A comment about the painting I shared on Friday reminded me how paintings I regard as successful are frequently built on ones I regard as lacking.
“Such movement, yet so simple, and not overworked. How you do it is a marvel.” — L.
My response was:
“What you don’t see is the previous overworked one that taught me to do this one.”
And here’s a photo of it for everyone to see. Of course I had intended for the first drawing, the one on the left, to be successful too. But I ruined it by being heavy-handed with the ink.
The damage started with an inadvertent splodge of Payne’s grey on the headland, where there should be vertical columns of rock with only some of it in shade. Being on dry paper the ink wasn’t keen to lift off, and then much of it was wind-dried before I’d decided what to do, and, and, and I can keep making excuses but the truth if I messed it up at this point.
If I’d had opaque white with me I could have mixed it with my inks and worked over the top, but I didn’t. Instead I tried to keep going with it, make the other areas more solid, but it didn’t help.
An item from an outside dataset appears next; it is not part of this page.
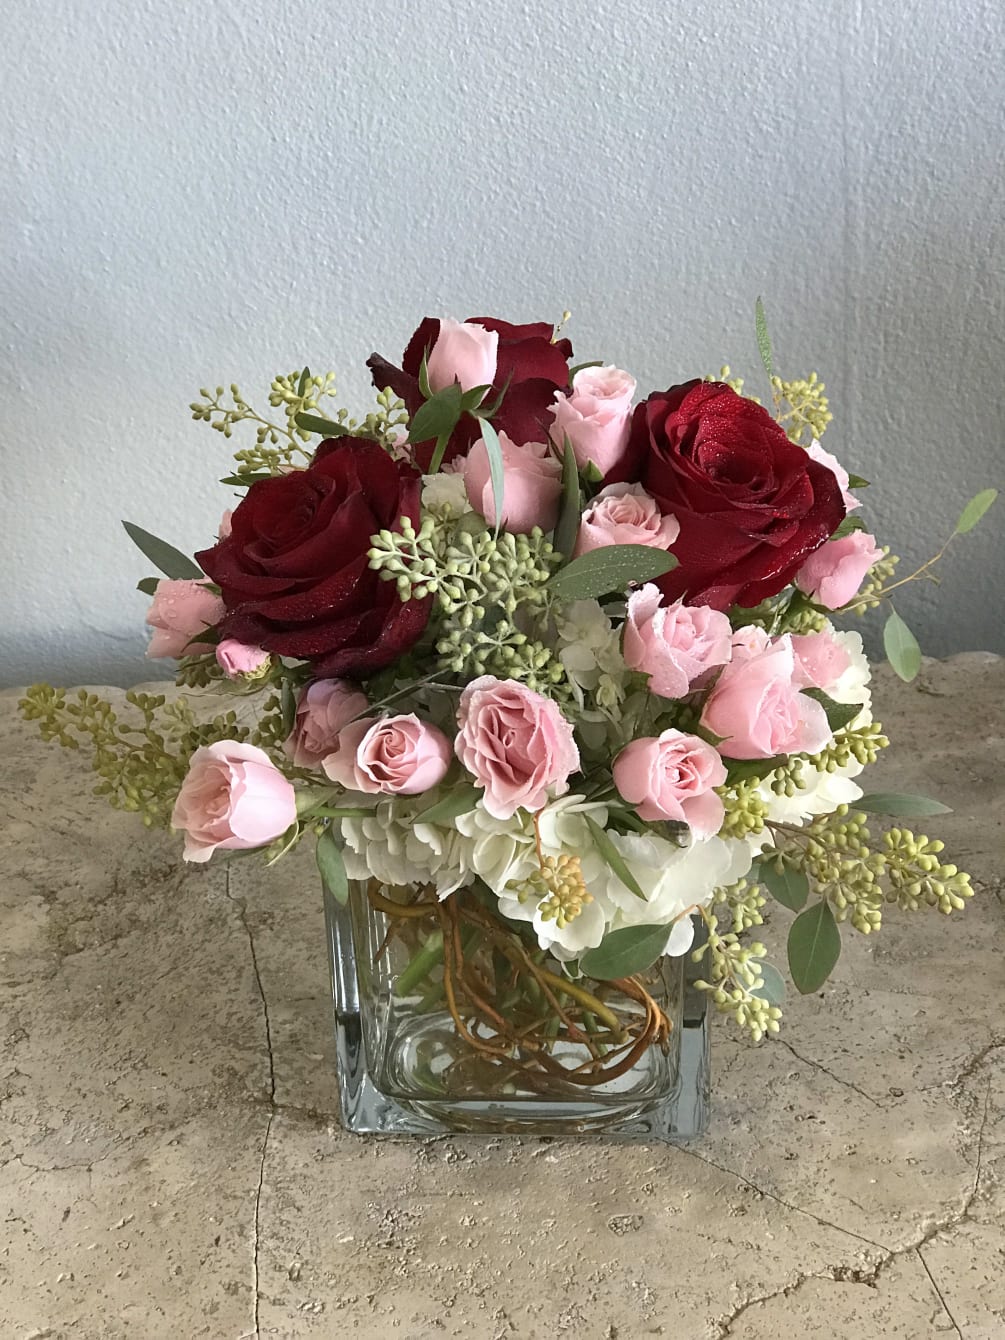 A romantic surprise of red and pink roses mixed with white hydrangeas

Time to put it aside, and try again. Instead of repeating the composition, trying to include the whole bay, I allowed myself to focus on the bit I was really enjoying, the pattern on the shore. Faced with a beautiful location, I tend to have a compulsion to “include it all”, but of course we needn’t. Slices of it are beautiful too.
Second time lucky. Or practice makes perfect.
Now I’m sure that at least one person is going to prefer the painting on the left to the more abstracted one on the right. So let me pre-empt and say I do like bits of it, but it’s not close to what I was wanting to achieve on that particular occasion. When I look at it weeks from now I might like it more or make a plan to take it further. And that’s why I don’t tear things up on the same day I paint them.